Le seul problême est que quand je les monte, il n'y a que le root qui peut y accéder, j'ai pourtant bien fait attention de mettre les droits des répertoires en "x" pour tout le monde, et pourtant quand je ne suis pas en root, je ne peut pas y accéder...

Quelqu'un aurait il une idée? Je suis en train de sécher  :Confused: 

----------

## _SkeLeToN_

Il y a un thread qui parle justement de ce problem.

https://forums.gentoo.org/viewtopic.php?t=5815

Tous ce que tu as a faire c'est de rajouter umask=nom_du_user  comme il est montrer dans le dernier post du thread.

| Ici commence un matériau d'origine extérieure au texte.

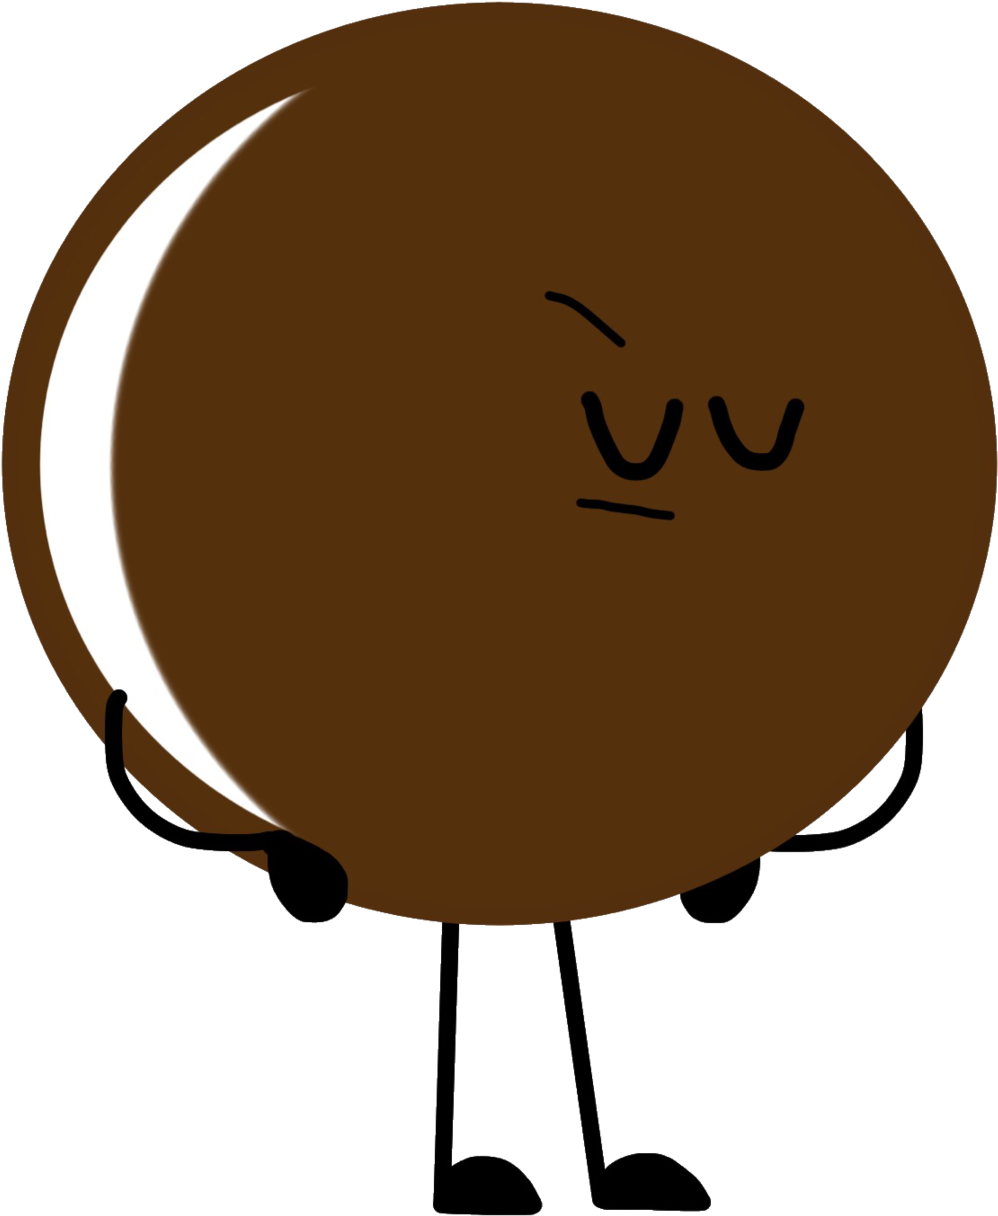 It's Chocolate Chip Oreo Not Cookie By Ball Of Sugar - Chocolate Ball Cartoon (1024x1253)

Tu peux toujour faire un mount /dev/hda4 /win -o uid=1000

le 1000 est le numero de ton utilisateur pour le savoir regarde le fichier /etc/passwd.

Bonne Chance.

----------

## Mat_le_ouf

Merci!

C'est exactement ce que je cherchais!

A noter que le umask m'indiquait une erreur lors du mount -av, tandis que le uid fonctionne parfaitement...

----------

## _SkeLeToN_

Excellent.  Moi j'utlise la methode avec le uid et je n'ai jamais eu de probleme.

----------